The Magician’s Guild — Trudi Canavan

Cover of The Magician's Guild


The Magician’s Guild
Trudi Canavan
465 pages
published in 2001

Trudi Canavan is an Austrialian fantasy writer who has been mostly writing epic fantasy trilogies and has become rather popular as a result. According to Wikipedia, her first series, The Black Magician Trilogy was ” the most successful debut fantasy series of the last 10 years”. The Magician’s Guildin the first book in that series as well as her debut novel, which I didn’t know when I picked it from the library to read. It was just that this was the only of her novels available that wasn’t part two or three of a trilogy when I decided to try and see if I would like her writing.

What also made me pick up this book in particular when skipping past seemingly similar fantasy books by other writers was the backcover blurb, which made it sounds like it was something more than the usual fantasy cliches in the usual medievaloid setting:

Each year the magicians of Imardin gather to purge the city streets of vagrants, urchins and miscreants. Masters of the disciplines of magic, they know nobody can oppose them. But their protective shield is not as impenetrable as they believe.

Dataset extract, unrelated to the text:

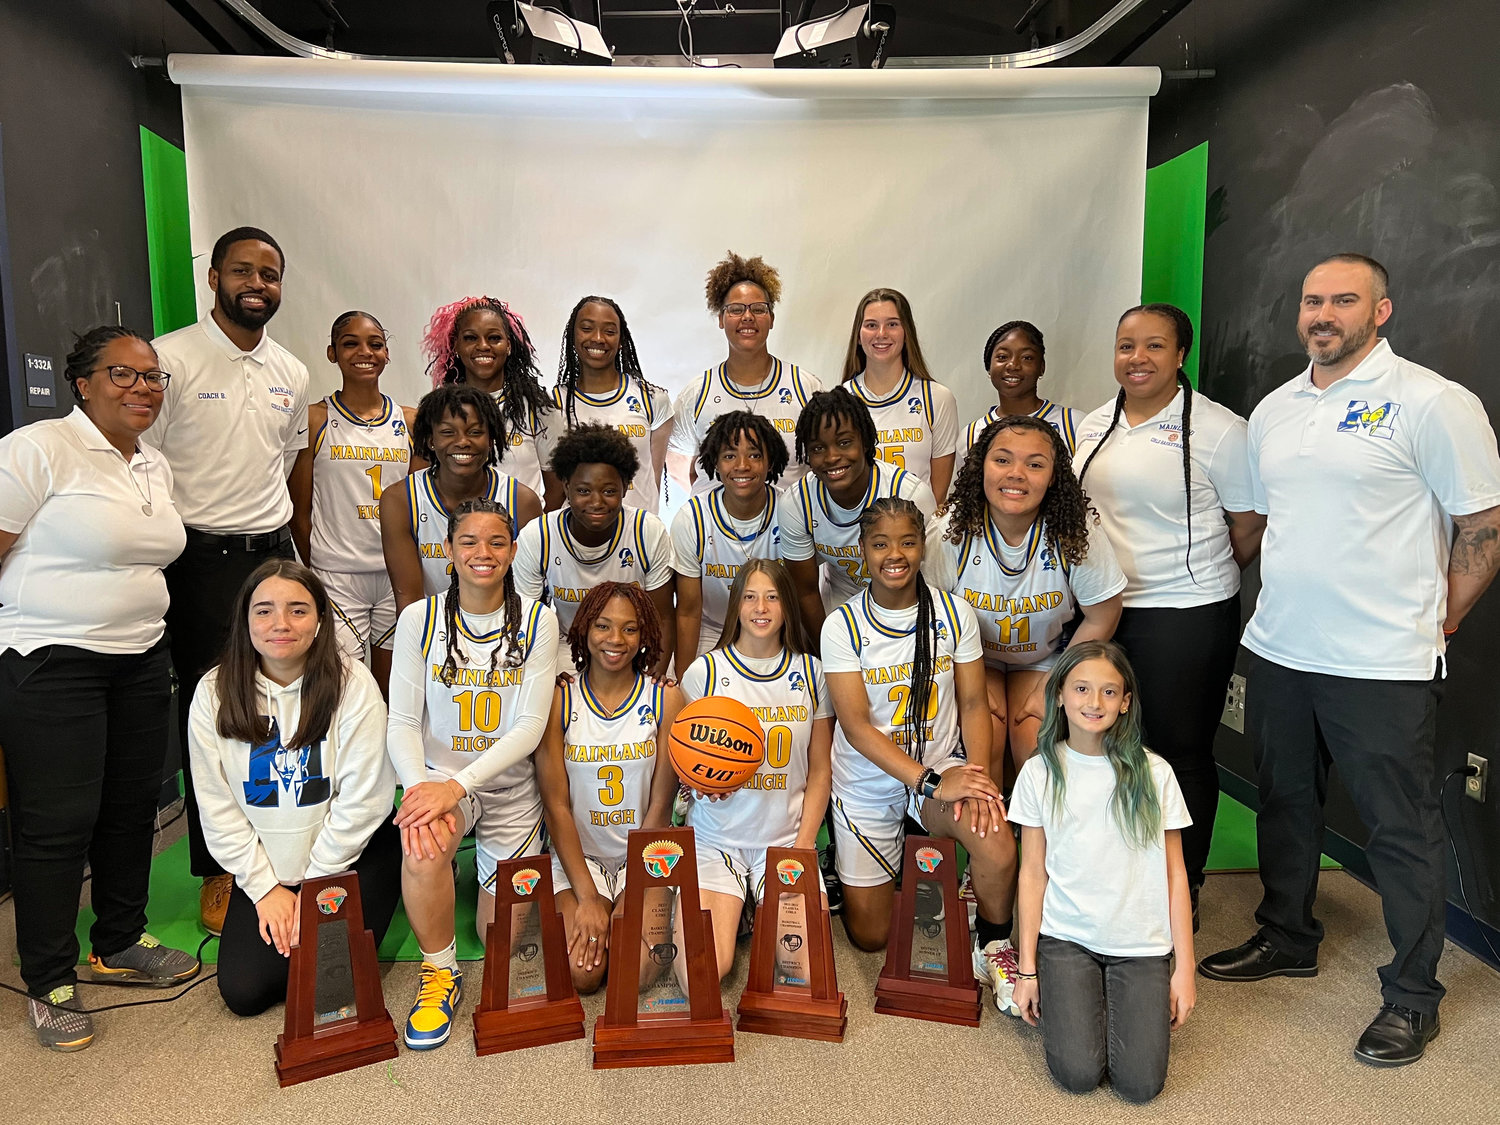 Coach Brandon Stewart (second from left) led the Mainland High School girls' basketball team to a state championship this past season.

That sounds remarkably like The Magician’s Guild has a bit of class consciousness built into its story. That maybe the plucky street girl who discovers she can break the magicians’ shields could oppose the old order and win freedom and respect for the people from the slums, from outside the walls. And to be honest, the first dozen or pages or so, seen from Sonea’s point of view, did seem to confirm this impression. We’re told about how she and her aunt and uncle, along with hundreds of others were kicked out of the rented rooms they had won for themselves through hard work, on orders of the king, we’re shown an example of how the rich burghers of the city look down upon the slum dwellers, how dangerous the city guards are and finally, how the magicians cleanse the streets each year, sweeping all the unwanted people out of the city beyond the walls, with hundreds of people hurt, wounded or killed in the process. It all sets the stage nicely for a bit of agitprop. Sadly, this setup is soon abandoned.

Instead we get a much more traditional story of the young outsider who discovers they can do magic, who has to be convinced both of her own powers and the need to safely learn to use them under the tutilage of the magician’s guild. Untrained magicians burn out, can’t control their powers, so it’s for her own interest that they try to hunt Sonea down. Two of the magicians leading the search, Lords Dannyl and Rothen, have her best interests at heart; the third, Lord Fergun — the one she actually hit with her rock — hasn’t. The broader conflict inherent in the city’s class structures, the fact that there’s a whole class of people, dwells, barely tolerated for their labour in Imardin, but expelled as soon as they’re deemed to be trouble, is ignored in favour of a much simpler story about good and bad magicians.

To be fair, late in the plot some reference is made to the unfairness of Imardin’s social situation, with the idea that having a dwell like Sonea in the magicians’ guild would be a good thing, that Sonea becoming a magician means she would have the power to change her people’s lot, but we know how well that always works out in real life… Meanwhile it doesn’t help that Sonea is a fairly passive character, first spending much of the book depending on others to hide her from the magicians, then going through the inevitable introduction to the magician school. At first she’s hostile to the idea of becoming a mage, but in the end she of course finds a reason to stay, setting things up for the sequel. Once the story sets into this familiar pattern, there are few surprises.

This doesn’t mean that The Magician’s Guild is necessarily badly written. The plot is predictable and the social structures of Cananavan’s world in the end are as conservative and resistant to change as the most cliche of medievaloid extruded fantasy product, but Cananavan is a pleasant enough writer and the story itself flows along nicely. And though the gender relations are as conservative as the class relations, there is remarkable little open sexism. If you’re just looking for light entertainment, this fits the bill, but sadly it’s nothing more than that.